= REQUIREMENT =
So that the copy stays text only, transcribe the data below exactly and exclude the images.

= STORED DATA =

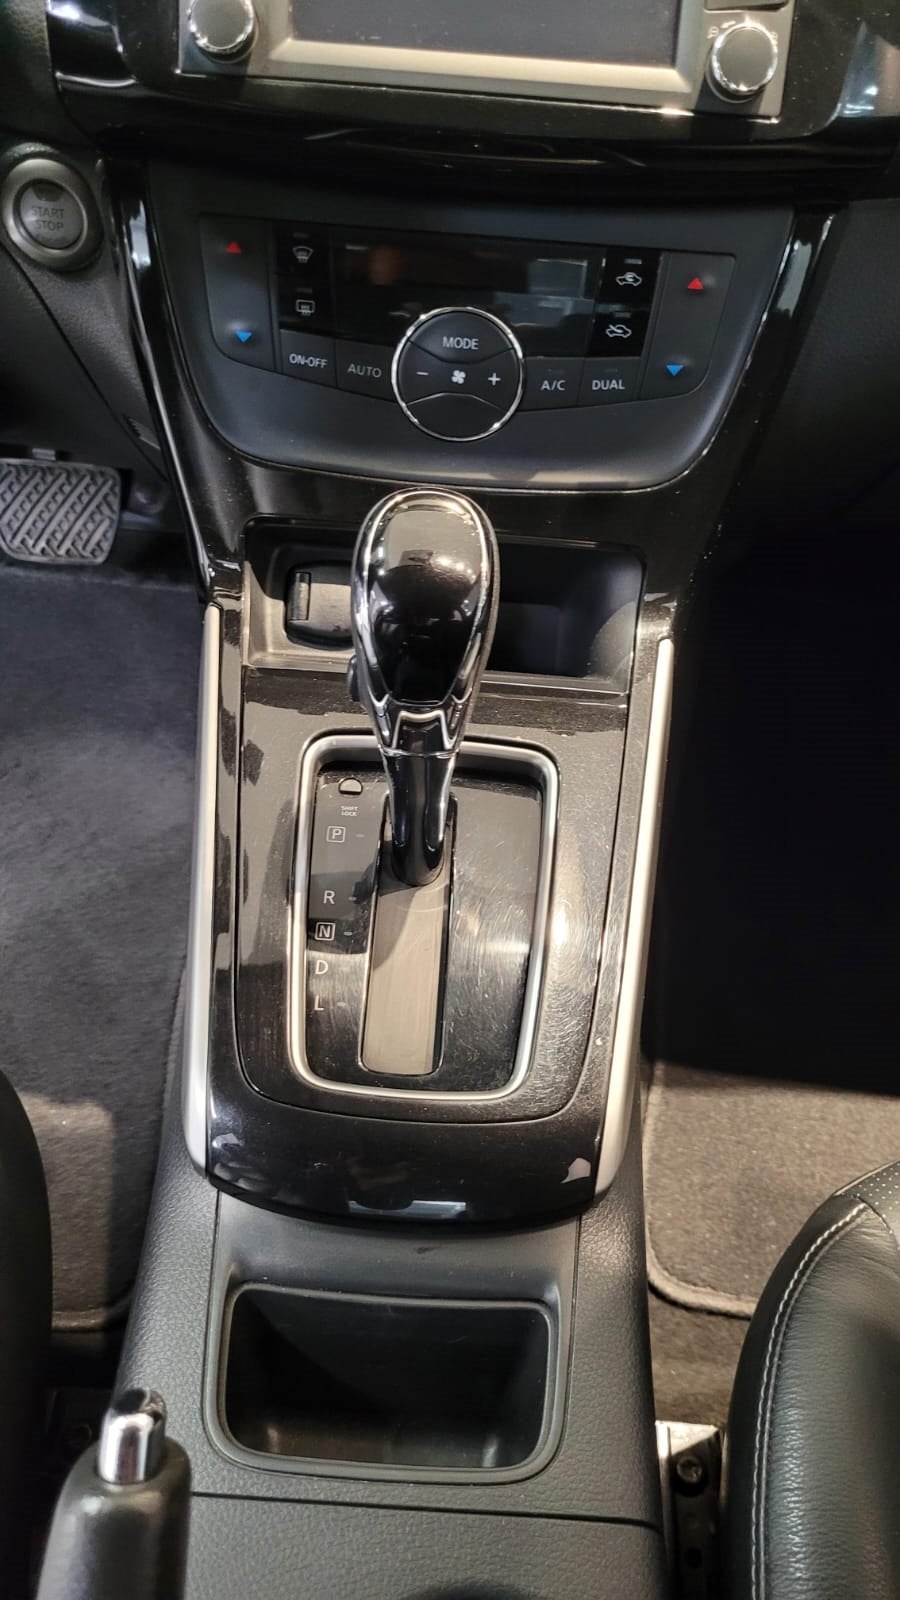 2018 Nissan SENTRA EXCLUSIVE L4 1.8L 129 CP 4 PUERTAS AUT PIEL BA AA QC
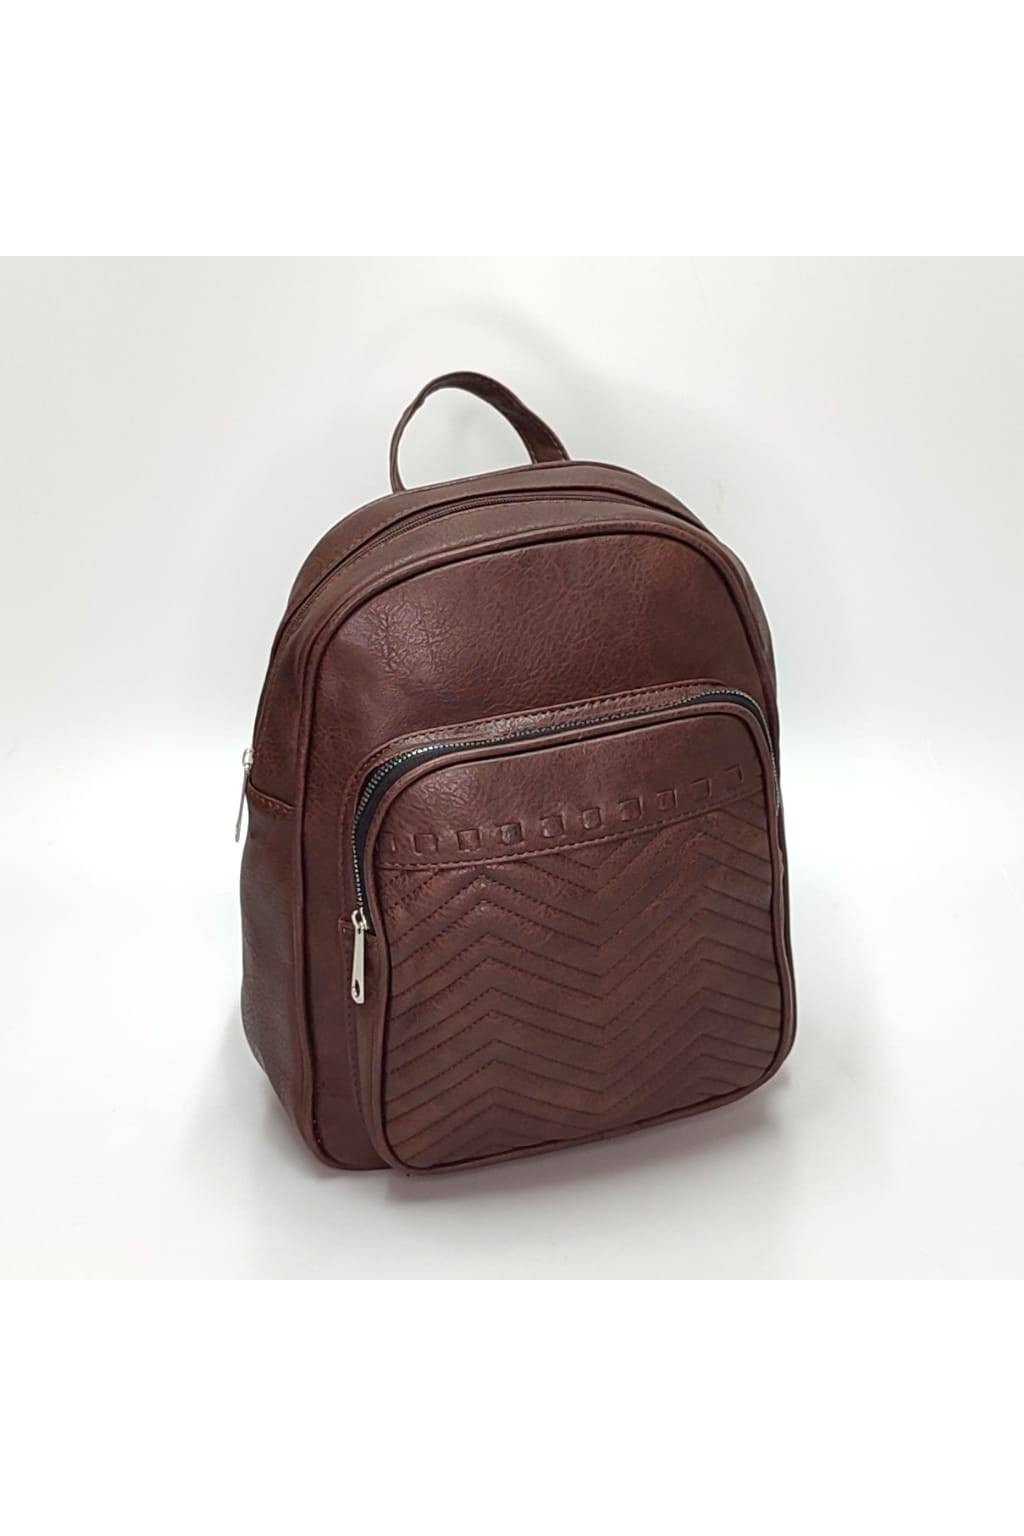 Dámsky ruksak DL0113 čokoládový www.kabelky vypredaj (2)
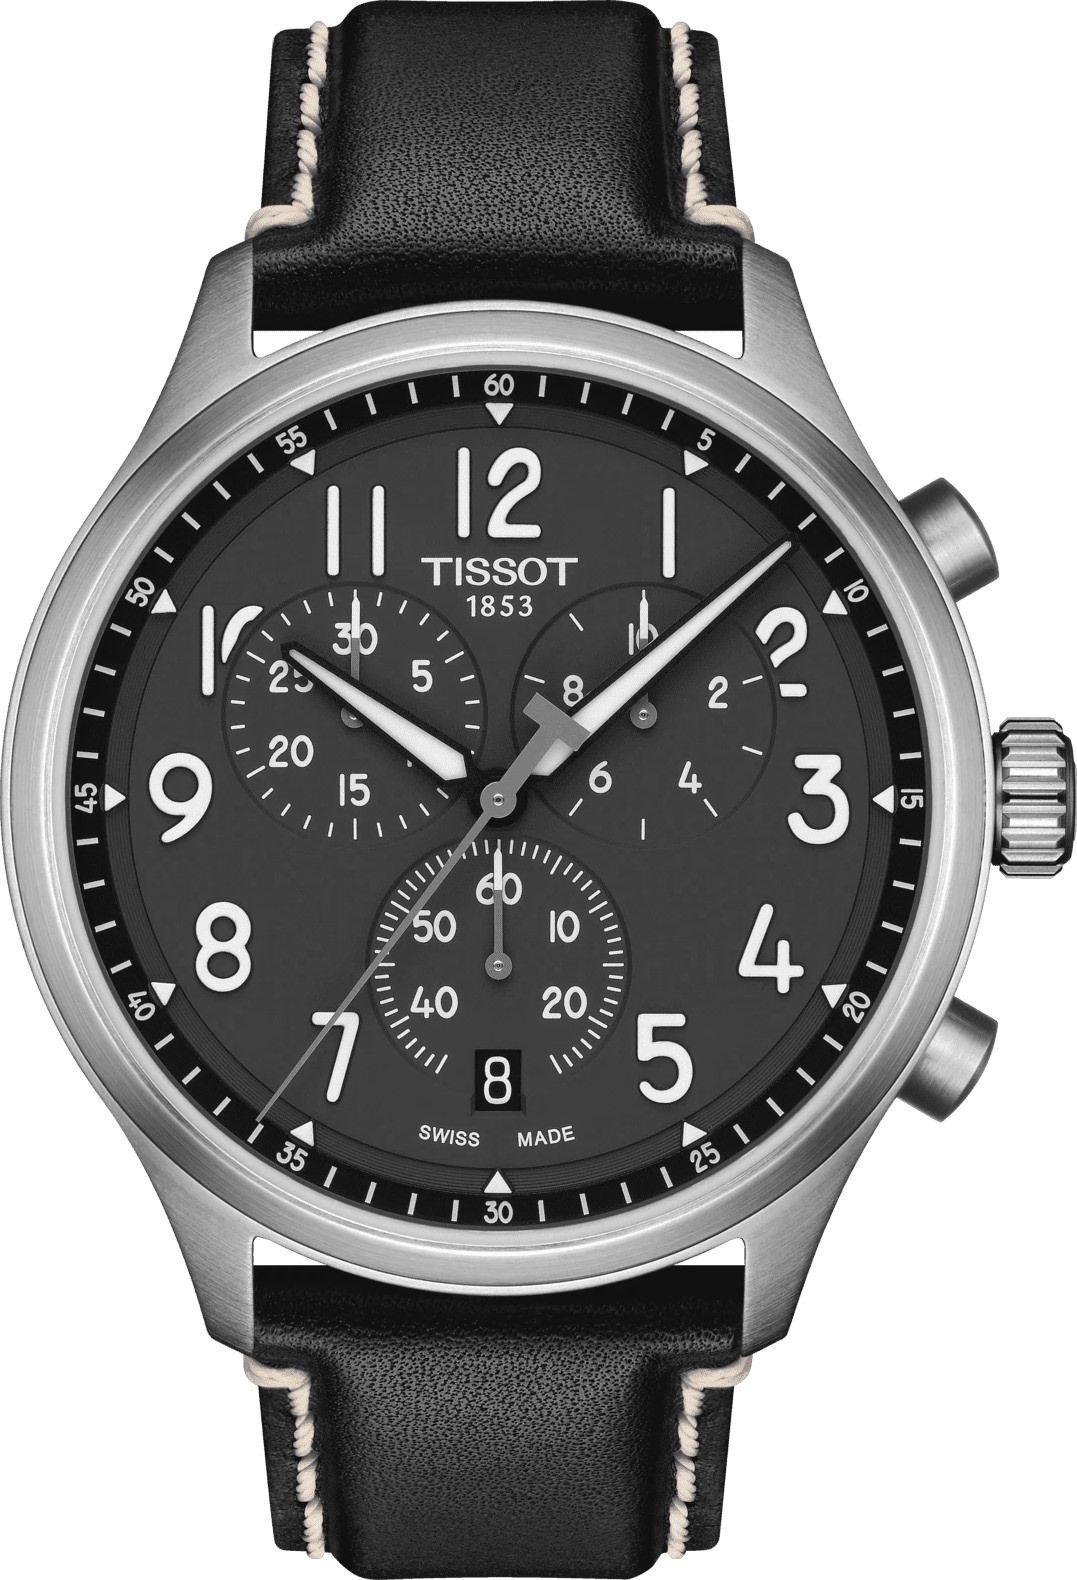 Tissot T-Sport Tissot Chrono XL Anthracite Dial 45 mm Quartz Watch For Men - 1

= ANSWER SECTION =
 2018 Nissan SENTRA EXCLUSIVE L4 1.8L 129 CP 4 PUERTAS AUT PIEL BA AA QC
 Dámsky ruksak DL0113 čokoládový www.kabelky vypredaj (2)
 Tissot T-Sport Tissot Chrono XL Anthracite Dial 45 mm Quartz Watch For Men - 1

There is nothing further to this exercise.